[[ Given data, beginning ]]

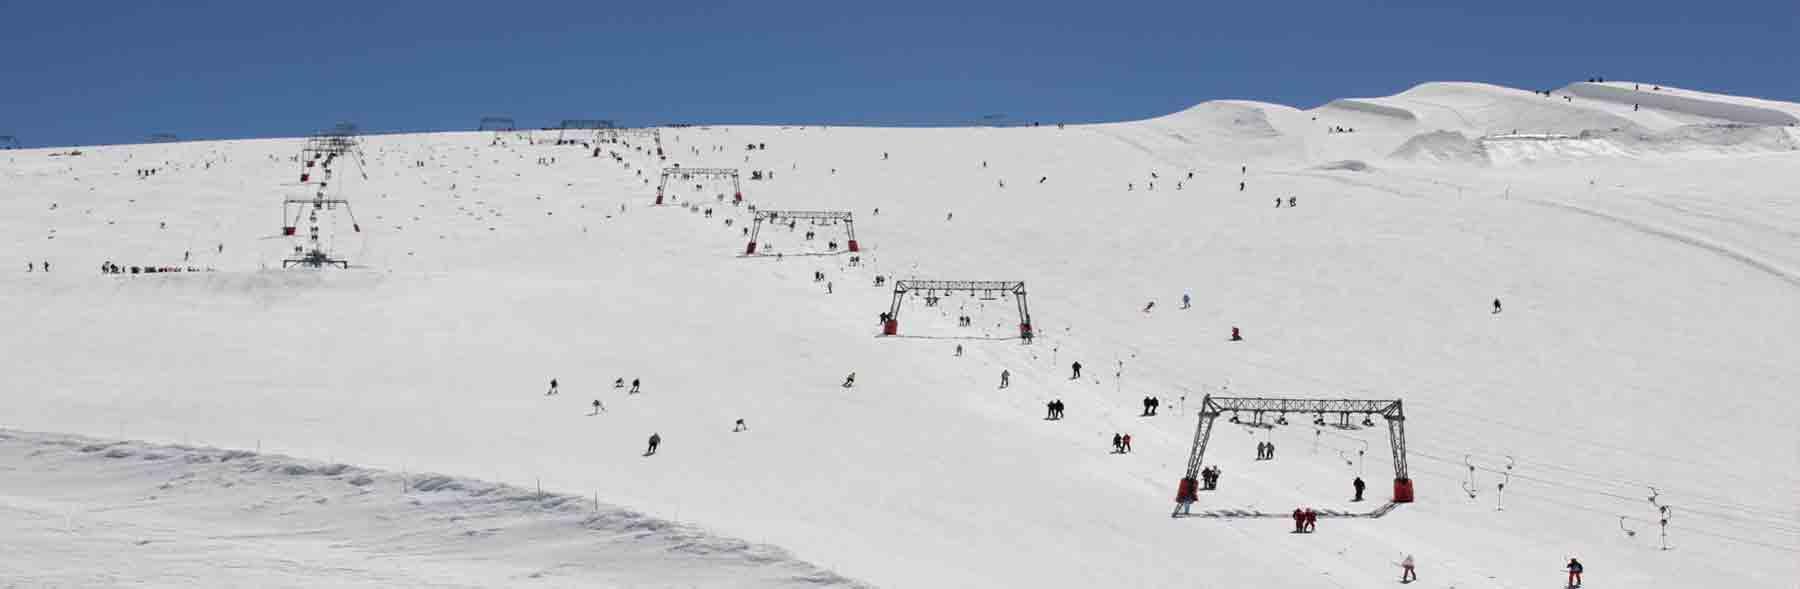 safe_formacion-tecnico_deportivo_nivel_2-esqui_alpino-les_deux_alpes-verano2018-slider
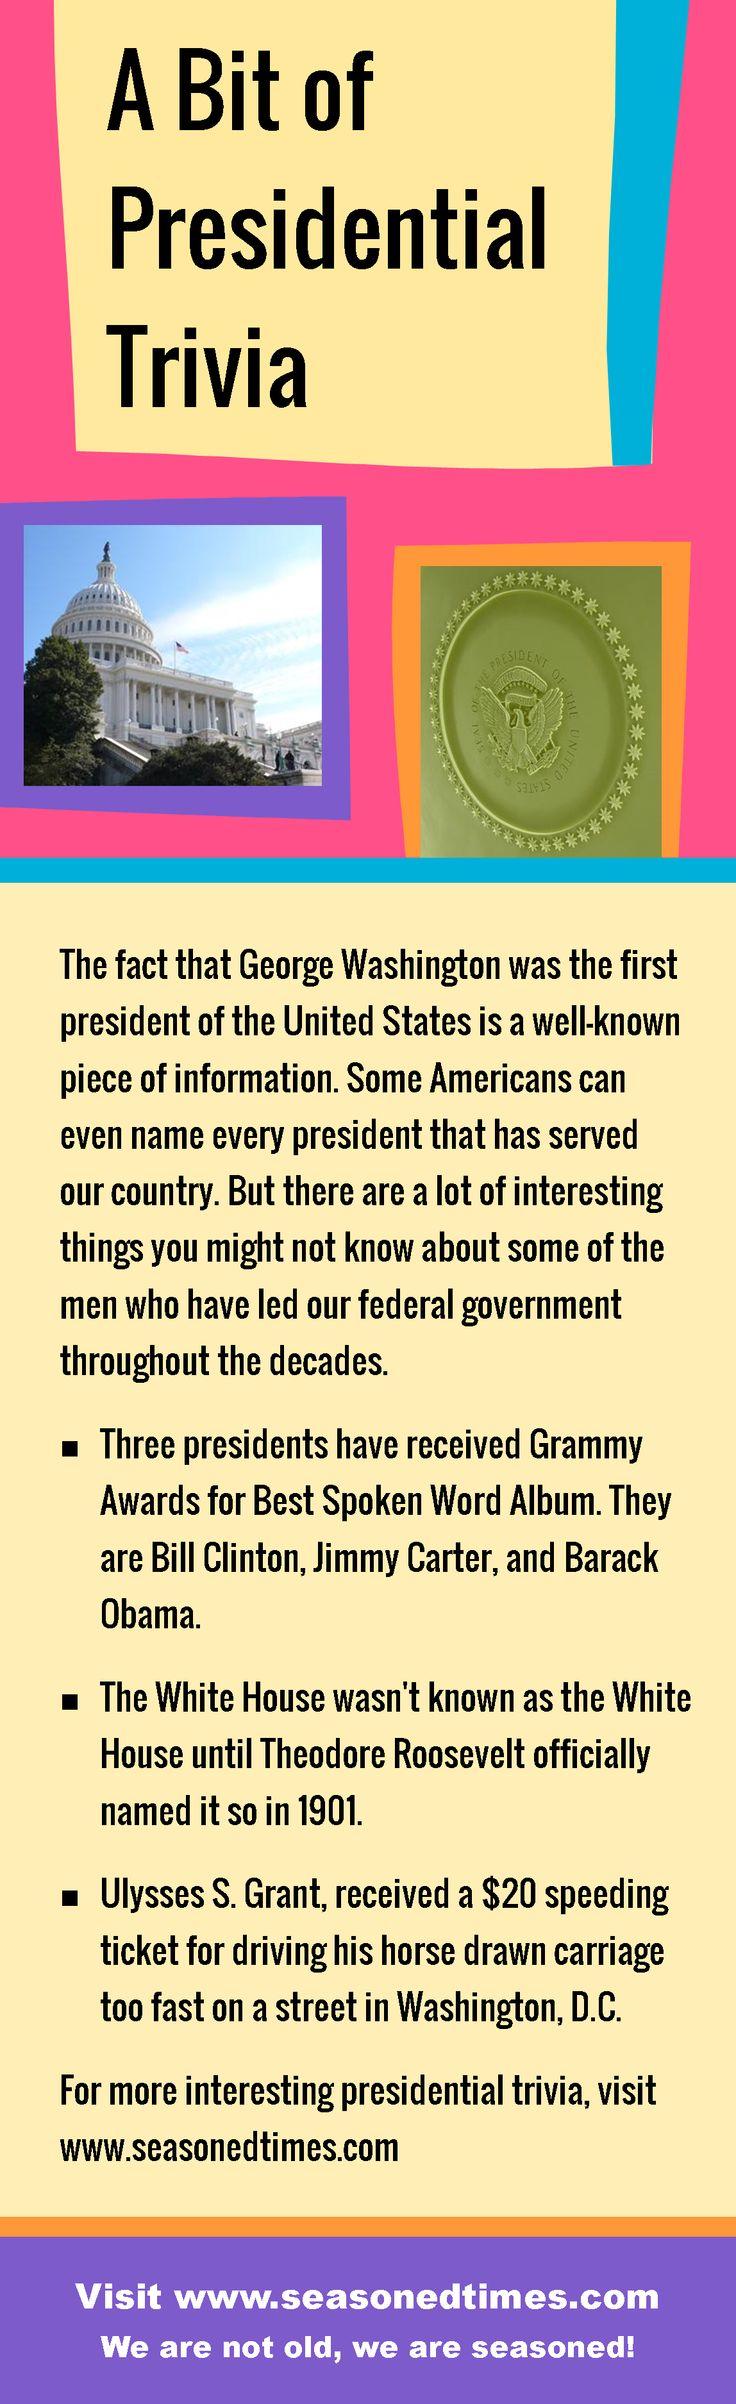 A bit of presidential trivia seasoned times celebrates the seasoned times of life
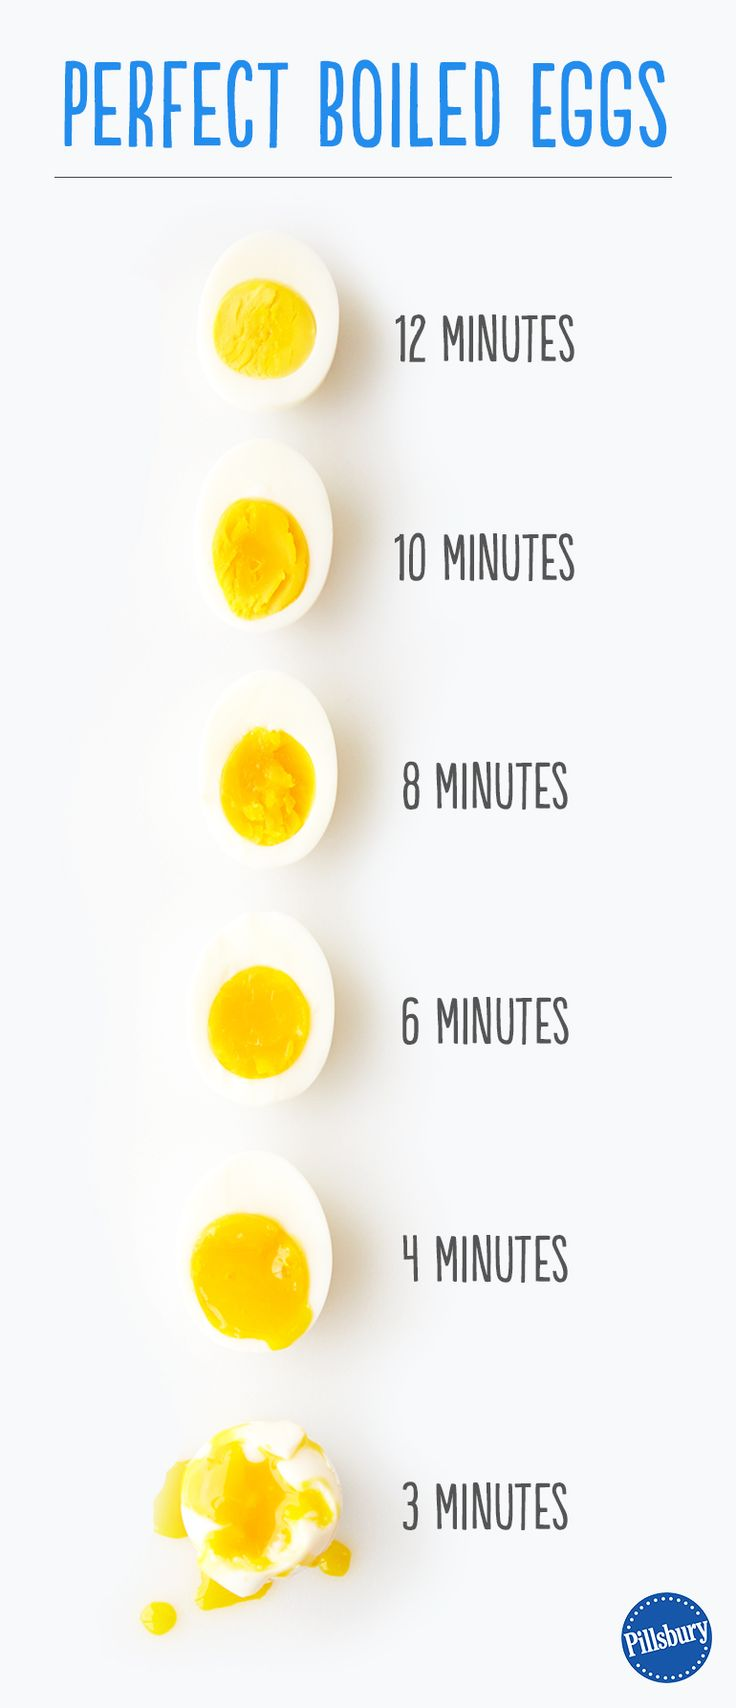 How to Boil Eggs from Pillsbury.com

[[ Given data, end ]]

Exercise aim.
Please make an exact copy of the whole listing and leave out its pictures.

Solution to this task.
 safe_formacion-tecnico_deportivo_nivel_2-esqui_alpino-les_deux_alpes-verano2018-slider
 A bit of presidential trivia seasoned times celebrates the seasoned times of life
 How to Boil Eggs from Pillsbury.com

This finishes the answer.